AI SolutionsMicrosoft Fabric

    What Microsoft Foundry Means for Organisations Running Microsoft Fabric

    30 April 2026
    ·
    6–7 minutes read
    ·Solv. Systems
    A layered visual representing Microsoft Foundry's enterprise AI platform connecting models, tools, and data sources into a unified runtime.
    A layered visual representing Microsoft Foundry's enterprise AI platform connecting models, tools, and data sources into a unified runtime.

    In Short: What Is Microsoft Foundry?

    Microsoft Foundry is the production platform for building, deploying, and operating enterprise AI agents and applications on Azure. It hosts the models, the agent runtime, the tools, the identity layer, the observability stack, and the governance controls in a single managed service.

    For organisations already running Microsoft Fabric, this matters more than it might first appear. Fabric is where your data lives. Foundry is where your AI agents run. The connection between the two is now the most important architectural decision most data leaders will make in the next twelve months.

    What Problem Is Microsoft Foundry Solving?

    Building a working AI agent is no longer the hard part. A small team with a model API key and a weekend can ship a useful prototype.

    The hard part is everything that comes after. Network isolation. Identity and access control. Observability across multi-step agent runs. Evaluations that catch regressions before users do. Versioning and lifecycle management. Tooling that does not require every team to reinvent the same plumbing. Cost attribution by agent, by model, by user.

    Most organisations that have tried to take a homegrown agent into production have hit the same wall: the gap between a working demo and a system the security and compliance teams will sign off on is enormous. Foundry's pitch is to close that gap with managed infrastructure, so engineering teams can focus on agent logic rather than rebuild the same enterprise scaffolding for every use case.

    What Is Microsoft Foundry, Exactly?

    Foundry has several distinct components, and it helps to separate them clearly.

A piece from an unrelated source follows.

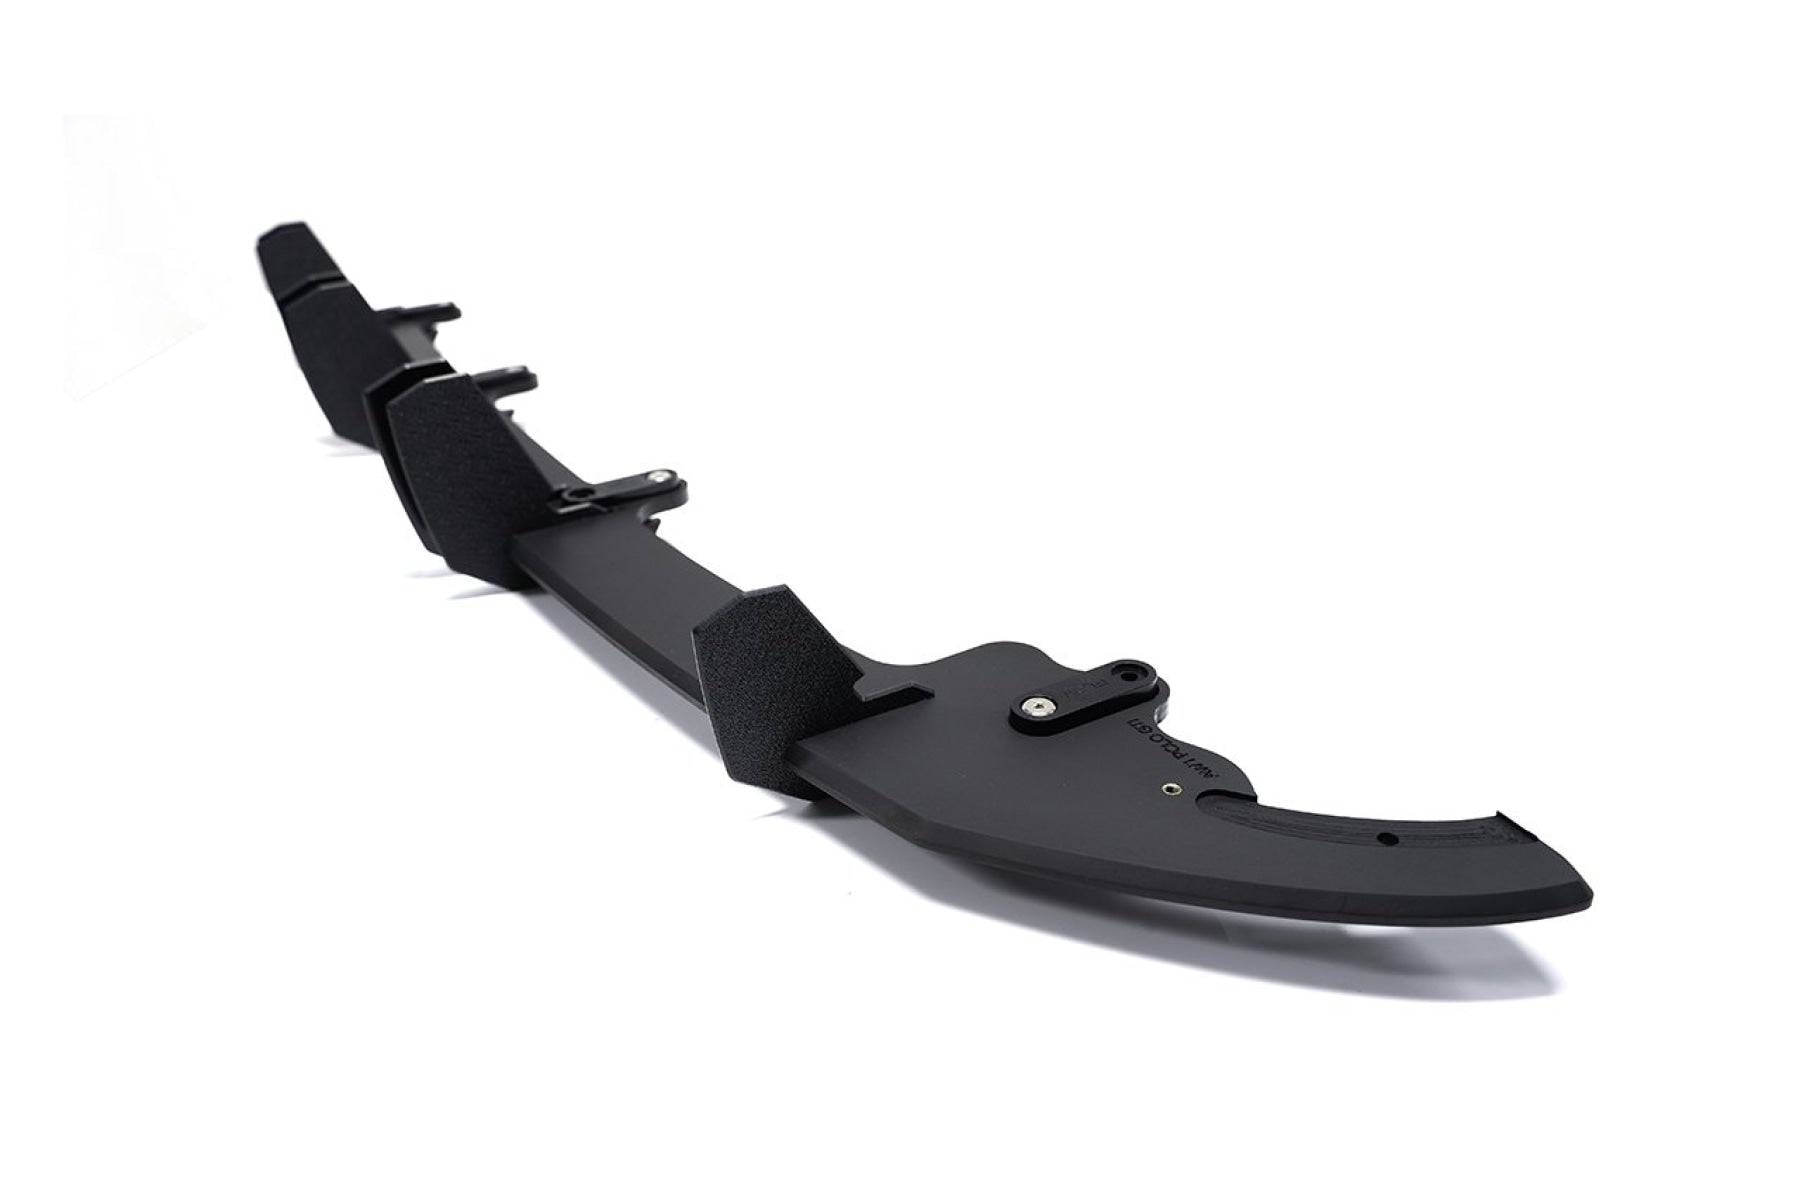 Buy AW Polo GTI Flow-Lock Rear Diffuser Online

    • Foundry Agent Service - The runtime that hosts agents. Went generally available in March 2026. It supports three types: prompt agents (configured through the Foundry portal with no code), workflow agents (visual orchestration of multiple agents and business logic), and hosted agents (your own code, in any framework, deployed to a managed runtime).
    • Foundry Models - A catalogue of more than 11,000 models across OpenAI, Anthropic, Meta, Mistral, xAI, DeepSeek, NVIDIA, and Microsoft's own Phi family. You select models per agent, mix providers within a single workflow, and pay per token consumed.
    • Foundry Tools and Toolbox - The mechanism for giving agents access to data and actions. Tools include web search, code interpreter, file search, MCP servers, Logic Apps connectors, Microsoft Fabric Data Agents, SharePoint, and custom APIs. Toolbox provides a unified configuration layer so the same tool definitions work across frameworks.
    • Microsoft Agent Framework - The open-source framework, now at v1.0, that unifies Semantic Kernel and AutoGen. You can develop locally and deploy to Foundry Agent Service with a single command.
    • Foundry Control Plane - The enterprise governance layer. ARM-based management, RBAC through Microsoft Entra, end-to-end private networking with bring-your-own VNet, customer-managed keys, and full observability through Azure Monitor.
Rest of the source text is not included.